Hisse devri sonrasında şirketin adı ve logosunun tamamıyla değiştiğini belirten Gökalp, "Yeni unvanımız, şirketimizin iş odağıyla uyumlu olarak, Nurol Kontrol ve Aviyonik Sistemleri AŞ (Nurol Controls & Avionics Systems-Nurol CAS) olarak belirlendi. Yönetim Kurulundaki 7 üyemizin tümü Nurol Holdingin saygıdeğer yöneticilerinden ve sektörde deneyimli profesyonel kişilerden oluşacak." dedi.

Gökalp, dinamik ve esnek yapıyı, inovatif çalışma yaklaşımını, mevcut sermaye ve insan kaynaklarını daha da geliştirerek devam edeceklerini ifade etti. Gökalp, "Karar mekanizmalarımızın daha hızlı işleyeceği, BNA kurgusundaki hedefleri ön planda tutarak sadece havacılık alanında değil, uzay ve diğer savunma sanayi platformlarında yenilikçi, rekabetçi ve güvenilir çözümlere odaklanacağımız bir dönem olacak." diye konuştu.

Yüzde 100 milli bir şirket yapısının sağlayacağı avantajlara dair ise Gökalp, "Savunma sektöründeki en önemli meselelerden biri, dışa bağımlılığı ortadan kaldırarak yurt içinde özgün ürün ve çözümler oluşturmak. Yüzde 100 yerli bir şirket olduğumuzda bunu sağlamak ve ortaya çıkan teknolojinin ülkemizde kalmasını sağlamak çok daha mümkün. Öte yandan bazı hedef ülkelerde Türk savunma sanayisi ürünlerine olan ilgiyi görmek mümkün. Zamanı geldiğinde kendi tasarımımız olan bazı ürünlerin bu ülkelerde de üretim altyapısını kurmak bu hisse yapısıyla çok daha kolay olacaktır. Nurol Holdinge bağlı kuruluşlarının, hali hazırda yurt dışında kurmuş olduğu iş birliklerinin de bize katkısı fazla olacaktır." değerlendirmesinde bulundu.

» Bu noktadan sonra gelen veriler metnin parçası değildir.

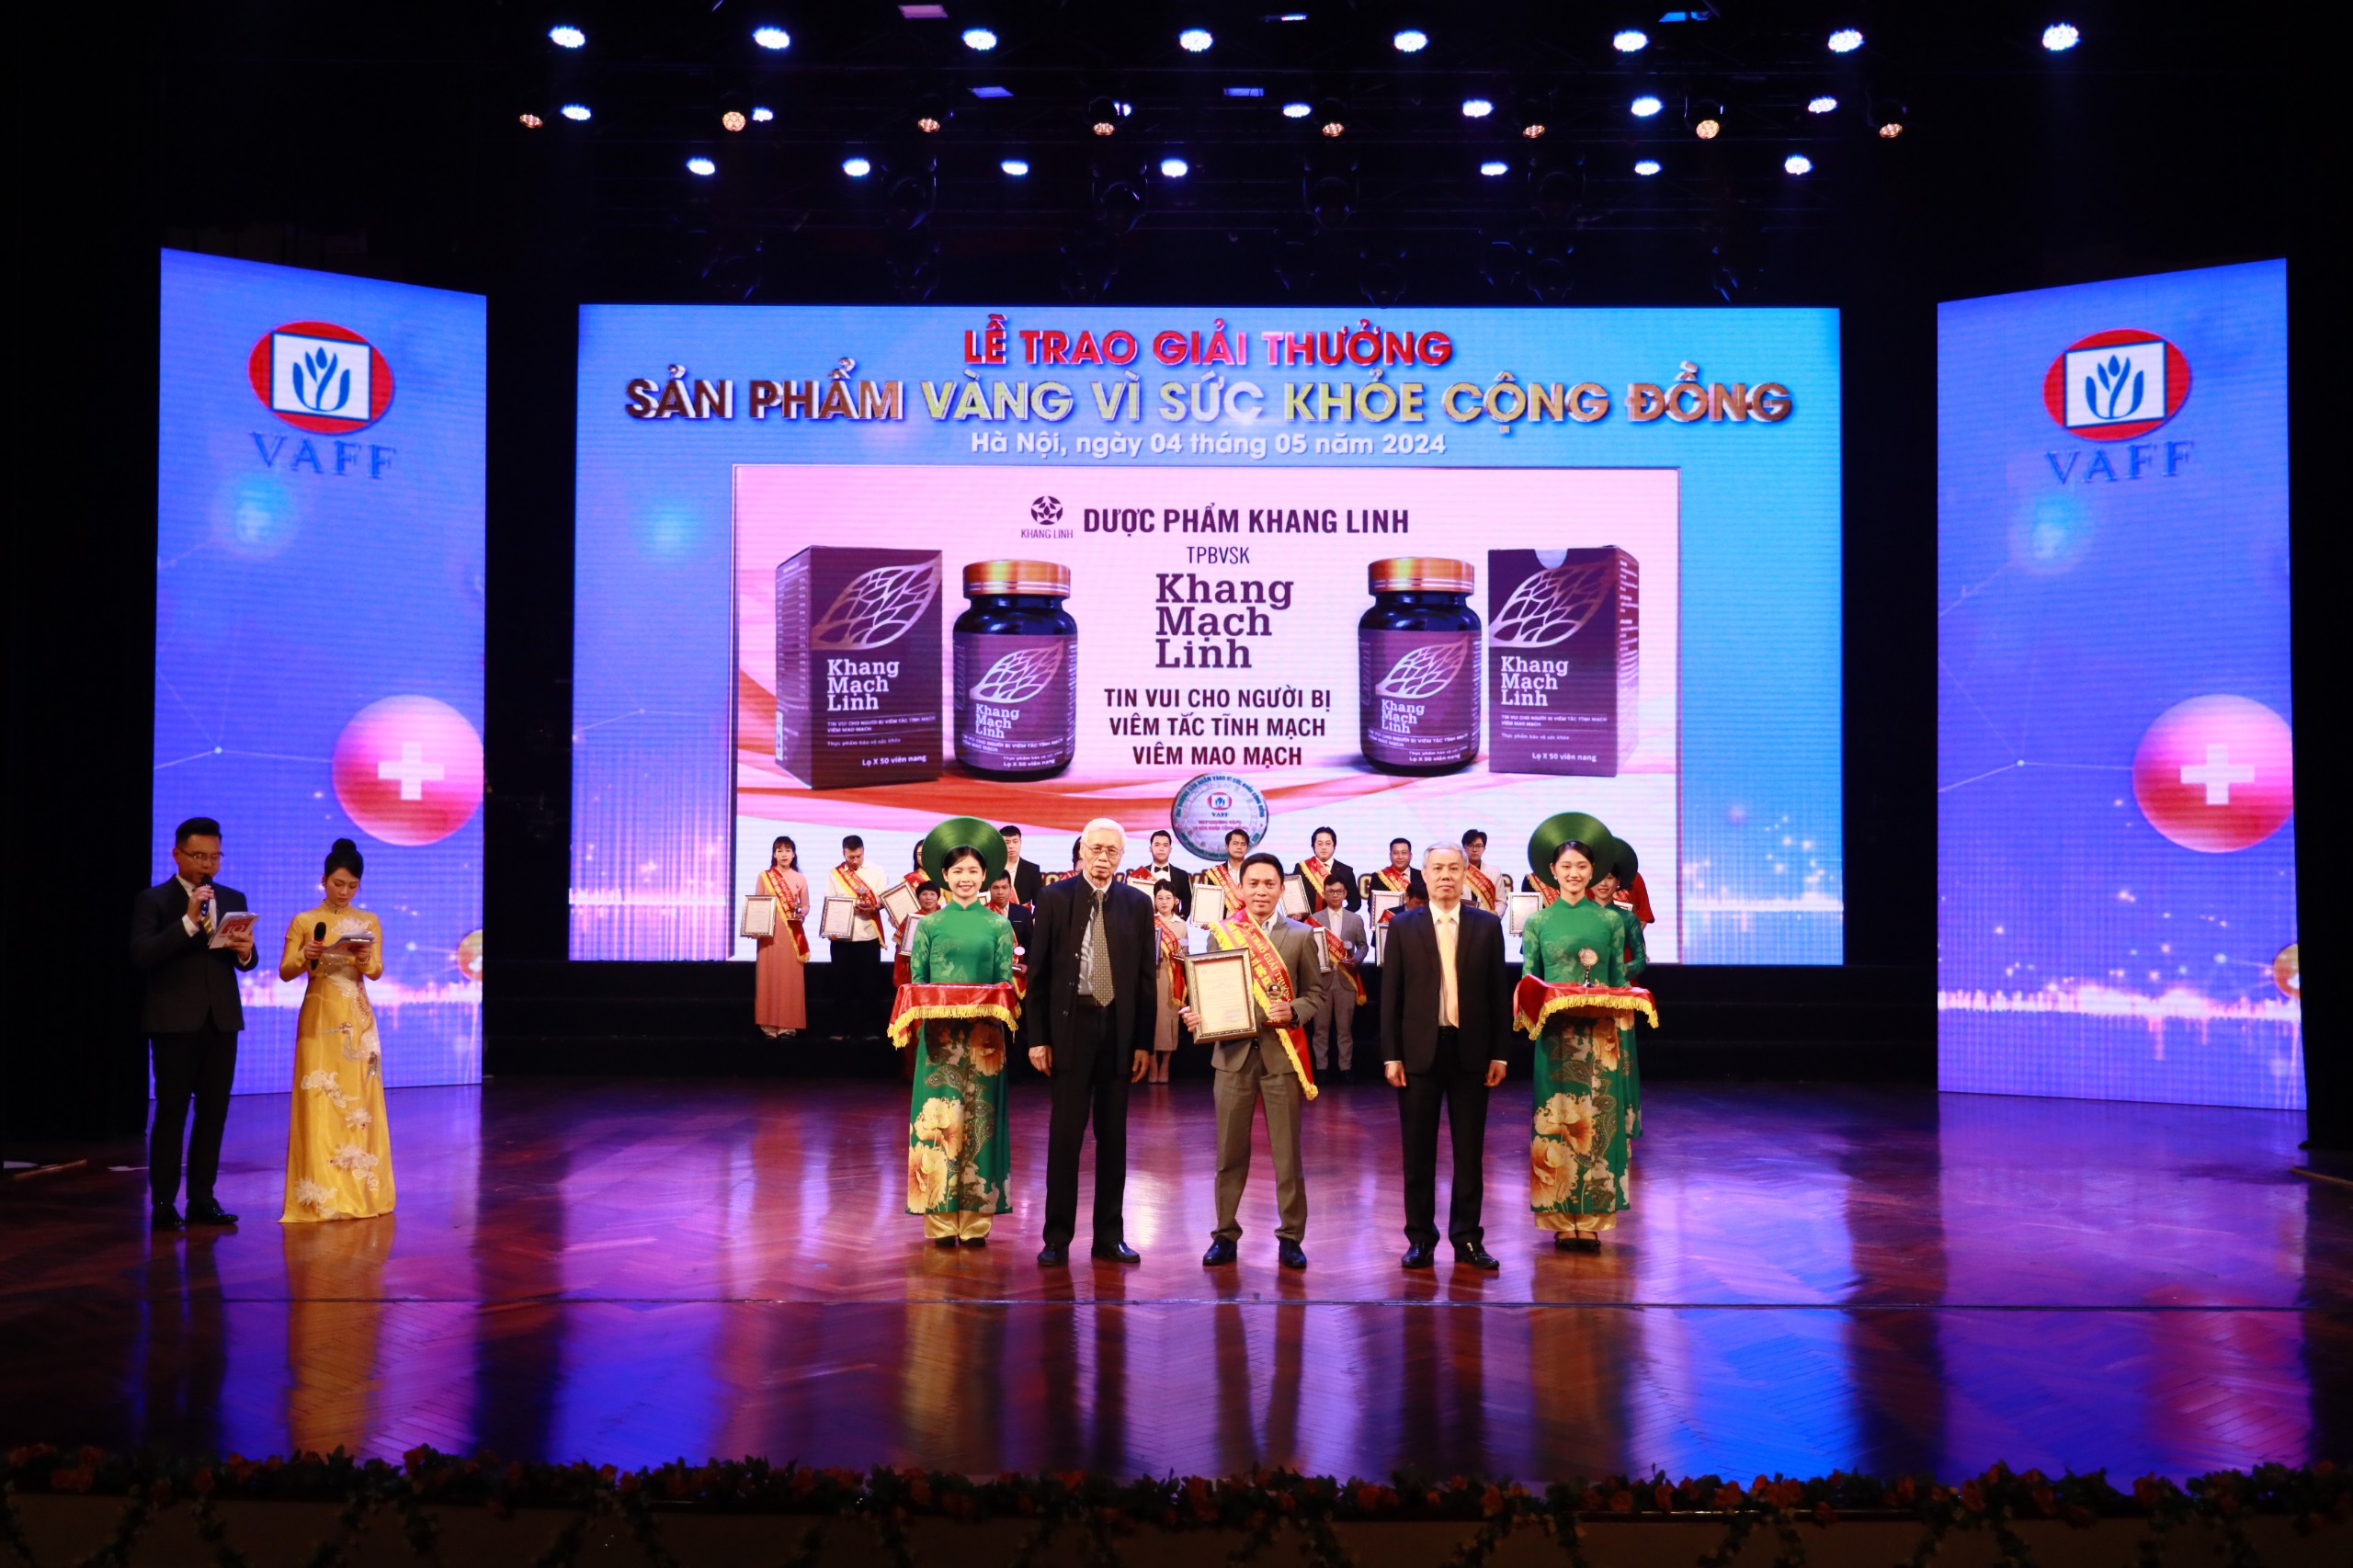 Dược phẩm Khang Linh nhận Huy chương Vàng “Sản phẩm vì sức khỏe cộng đồng”

- İLK İŞİ HÜRJET VE MMU OLACAK

Şirketin kuruluşunda havacılıkta emniyet kritiklik seviyesi yüksek olan kontrol, otonomi ve bazı aviyonik sistemlere odaklandıklarını anlatan Eray Gökalp, bu faaliyet alanları kapsamında kontrol teknolojileri altında yazılım ve donanım yoğun uçuş kontrol, motor kontrol ve görev kontrol sistemleri başta olmak üzere, diğer uçak sistemleri kontrol birimleri, kokpit kontrol üniteleri ve ilave olarak yakıt, hidrolik, iklimlendirme sistem alt birimlerinin geliştirilmesine yönelik çalışmalar yaptıklarını söyledi.

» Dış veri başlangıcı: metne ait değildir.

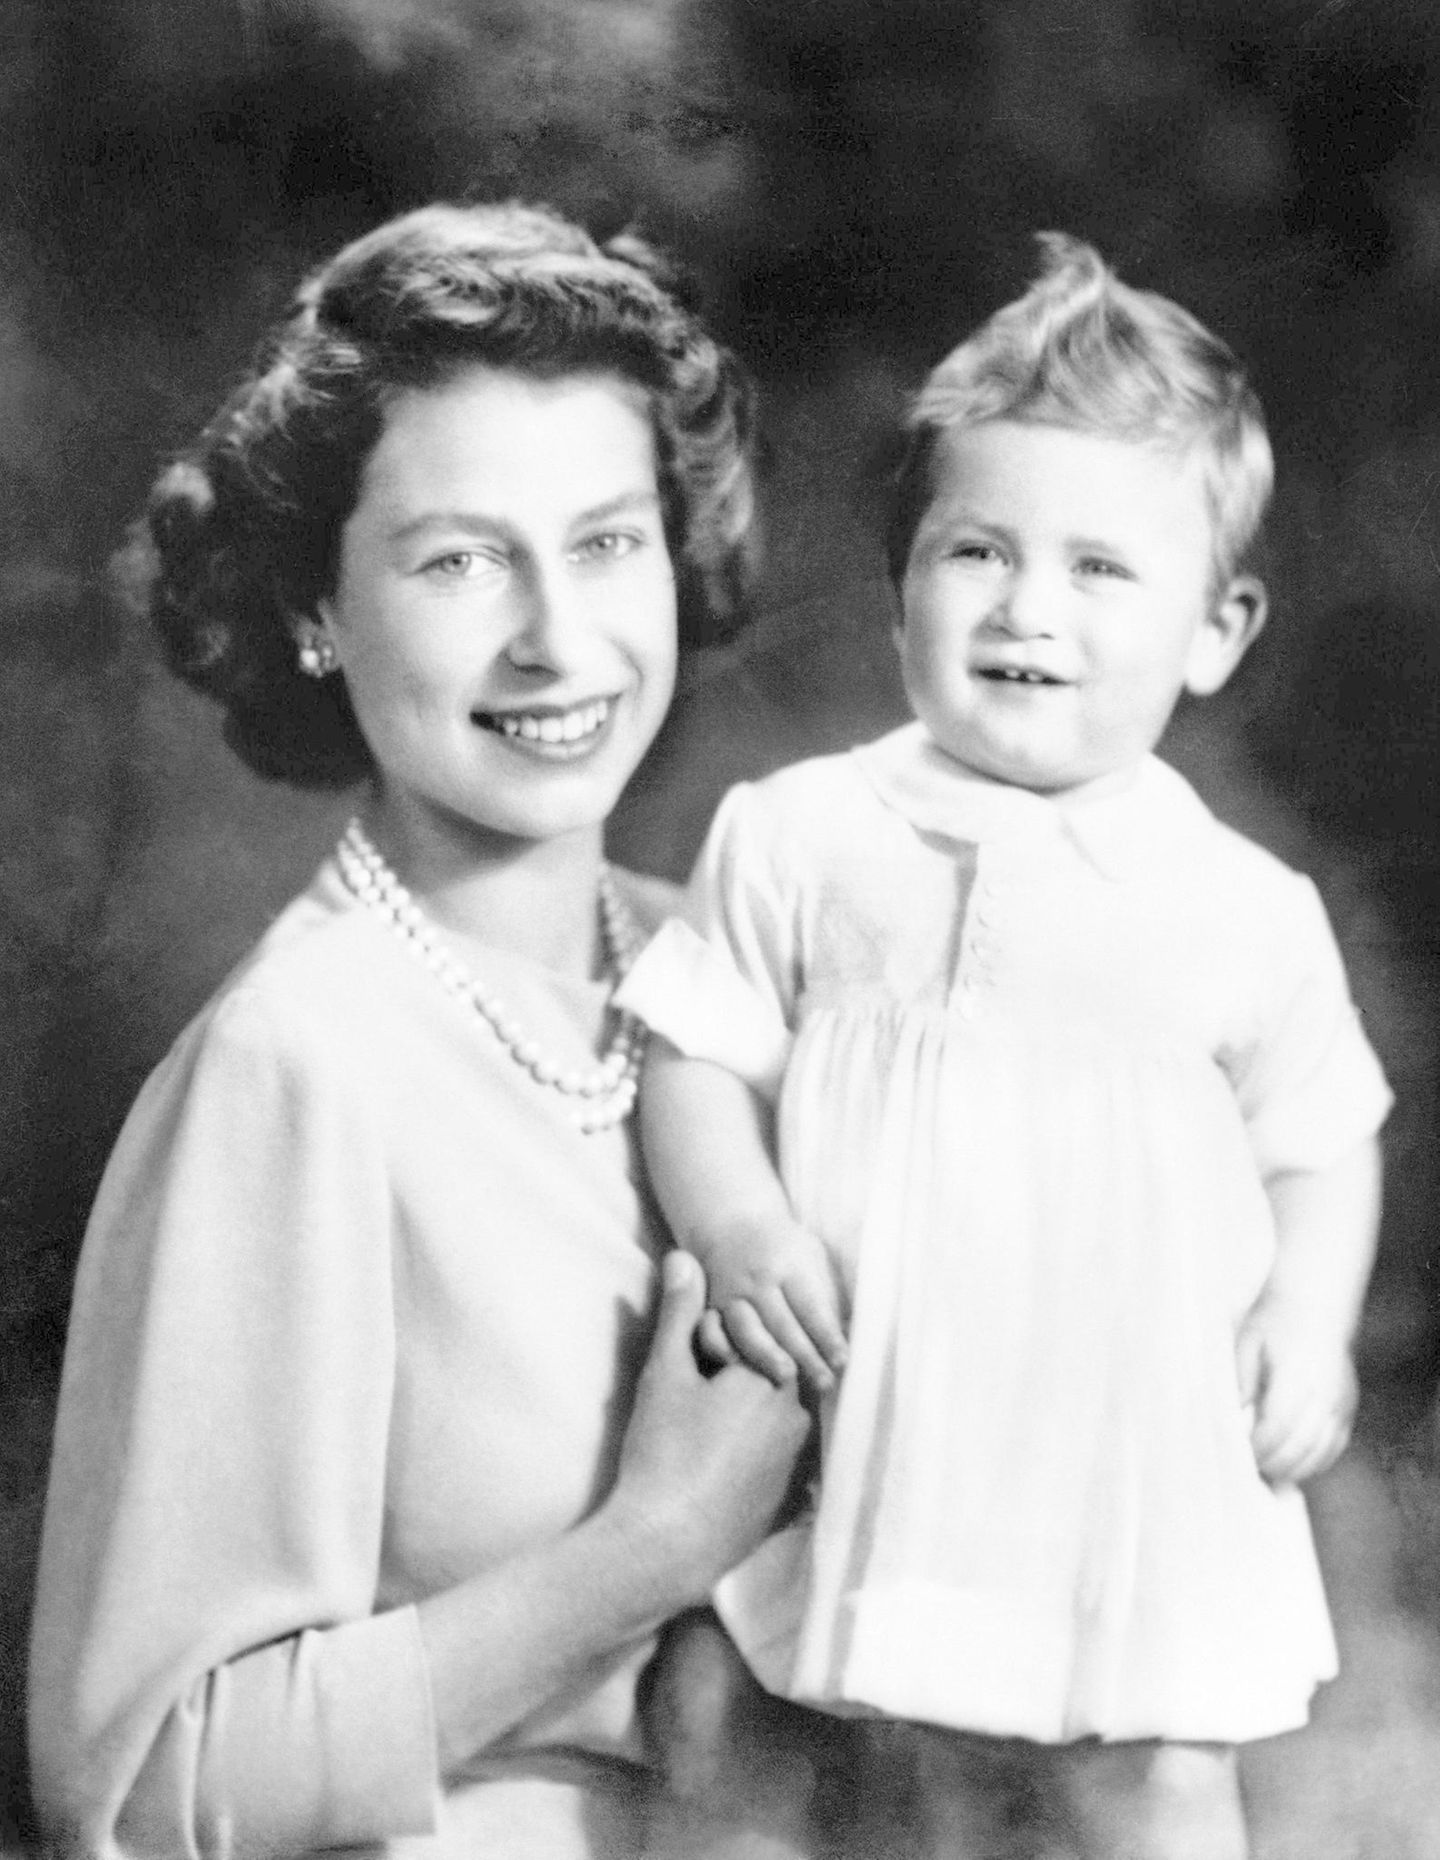 Zwei Tage vor dem zweiten Geburtstag von Prinz Charles ensteht 1949 dieses fröhliche Bild von ihm und seiner Mutter Prinzessin Elizabeth. Man hält für den kleinen Prinzen fest, er wiege 11,11 Kilogramm, habe sechs Zähne und könnte einige Schritte laufen. Zumindest die Haartolle meint man später an Prinz George wiederzuentdecken ...

Almanya'ya ihracatı kapsayan, çok amaçlı gaz türbin motor kontrol sisteminin geliştirmesini tamamlayıp MTU-Safran ortaklığı ile kurulmuş AES firmasına teslimatları tamamladıklarını ifade eden Gökalp, Uçuş Kontrol Sistemi teknolojileri geliştirilmesi için özellikle uçuş kontrol bilgisayarı ve aktif pilot kumandaları ile ilgili altyapı geliştirme çalışmalarına yoğun emek ve kaynak harcadıklarını belirtti.

BAE Systems'ın İngiltere'de yürüttüğü "sanal gerçeklik" tabanlı insan makina arayüzü alt yapı geliştirme ve bazı insansız hava aracı konsepti çalışmaları ile araştırma geliştirme projelerinde yer aldıklarını dile getiren Gökalp, "sanal gerçeklik" geliştirme projesi ile BAE Systems Chairman Ödülleri'nde "Business Leader" ödülüne layık görüldüklerini aktardı.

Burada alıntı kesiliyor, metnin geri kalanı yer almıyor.